数強塾グループの国語専門塾、日本国語塾TOPの藤原進之介です。講師の翔先生と一緒に解説します!

藤原「今回は『慶應義塾大学理工学部 国語なし』というテーマで、慶應義塾大学理工学部を志望する受験生に向けて、傾向と対策をお伝えしていきます。」

翔「理工学部志望の受験生からよく聞かれるのが、『国語がないなら、国語の勉強は完全に捨てていいですか?』という質問です。結論から言うと、理工学部の一般選抜には国語も小論文も課されません。しかし、だからといって国語力を軽視してよいわけではないんです。」

藤原「そうですね。慶應義塾大学理工学部は、数学・理科・英語の3教科で合否が決まる入試を長年続けてきた学部です。国語という科目そのものが試験に出ないのは事実ですが、国語力(読解力・論理構成力・要約力)は、数学の記述答案、英語長文の精読、さらには大学入学後のレポート・論文執筆にまで直結します。
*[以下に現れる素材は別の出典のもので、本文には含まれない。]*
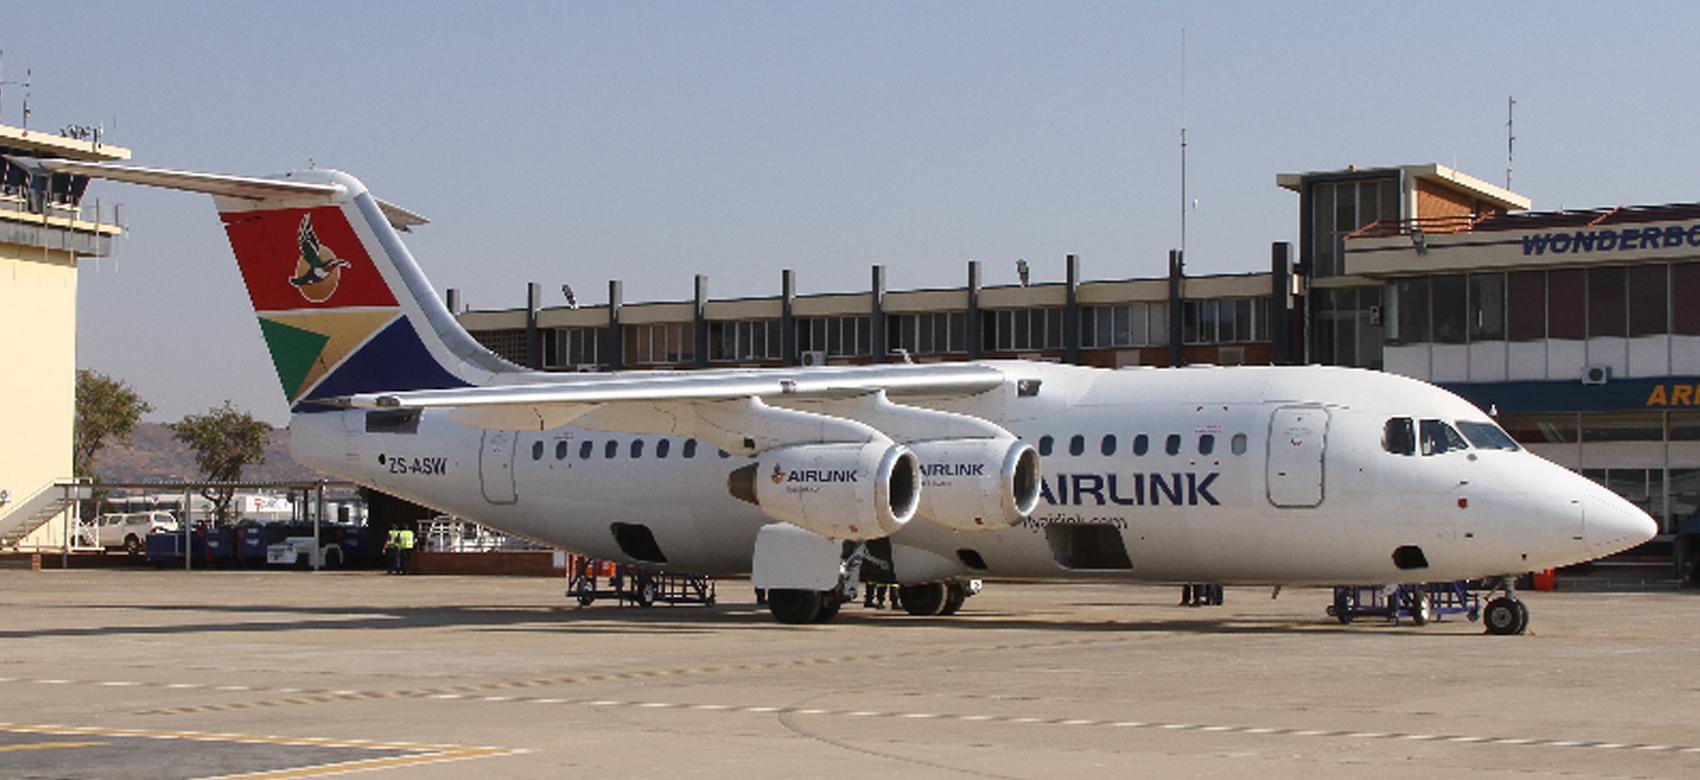 Airlink_Wonderboom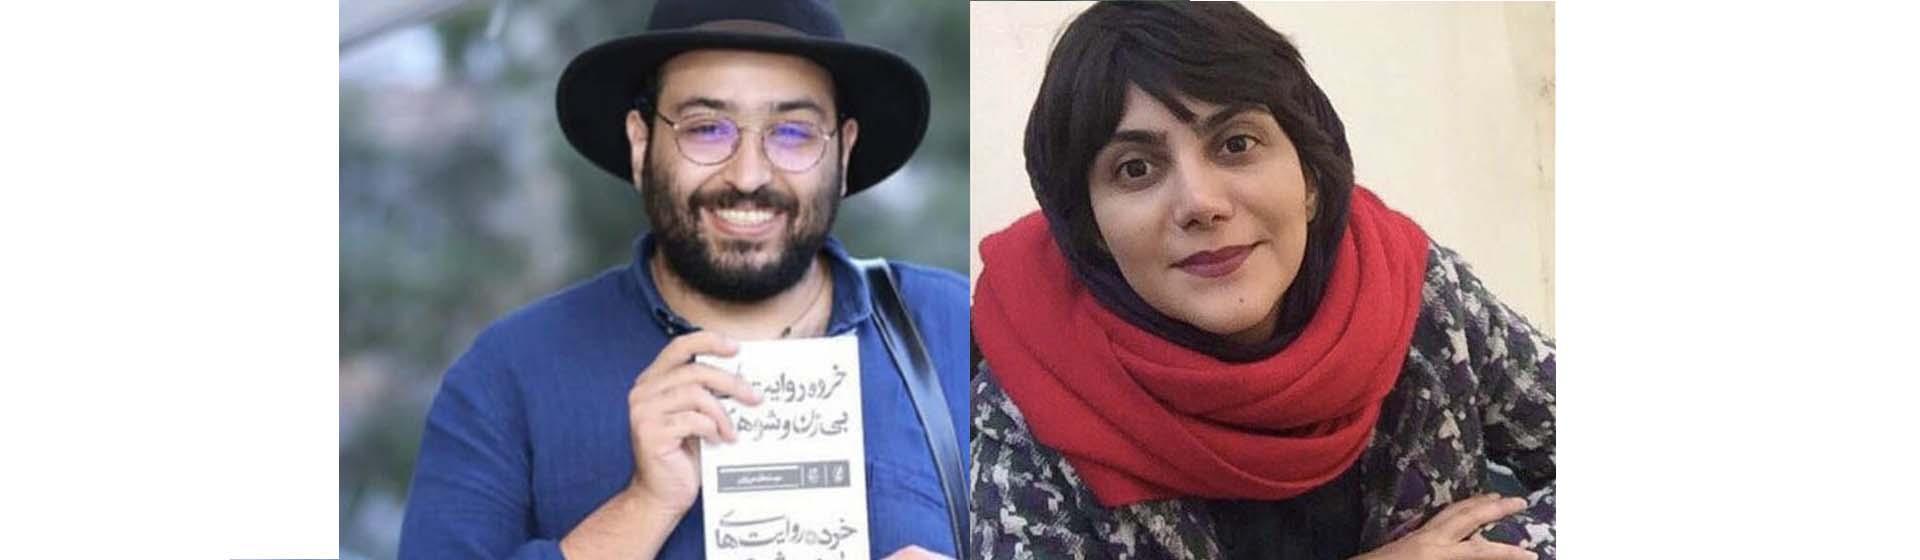 Kiumars Marzban und Marzieh Amiri werden gefangen gehalten und erhalten hohe Haftstrafen durch das iranische Revolutionsgericht

今日はこの点を丁寧に整理しながら、併願校で必要になる共通テスト国語の対策までお話しします。」

出題の全体像

まず前提として、慶應義塾大学理工学部の一般選抜の入試科目を整理しておきましょう。近年は数学・理科(2科目)・英語の3教科で構成される形が続いています。国語も小論文も入試科目には含まれていません。また、慶應義塾大学は全学部を通じて共通テスト利用入試を実施していない大学としても知られており、理工学部も例外ではありません。つまり、慶應義塾大学理工学部の受験そのものにおいては、共通テストの国語の得点が直接合否に関わることはありません。

ただし、ここで重要な事実が2つあります。

1つ目は、多くの理工学部志望者が国公立大学(東京工業大学、東京大学、大阪大学など)や、共通テストを課す他の私立大学の理工系学部を併願しているという事実です。これらの併願先では、共通テストの国語(現代文・古文・漢文)が受験科目に含まれるケースが少なくありません。理工学部志望であっても「国語を一切勉強しない」という選択は、併願校の選択肢を狭めるリスクがあります。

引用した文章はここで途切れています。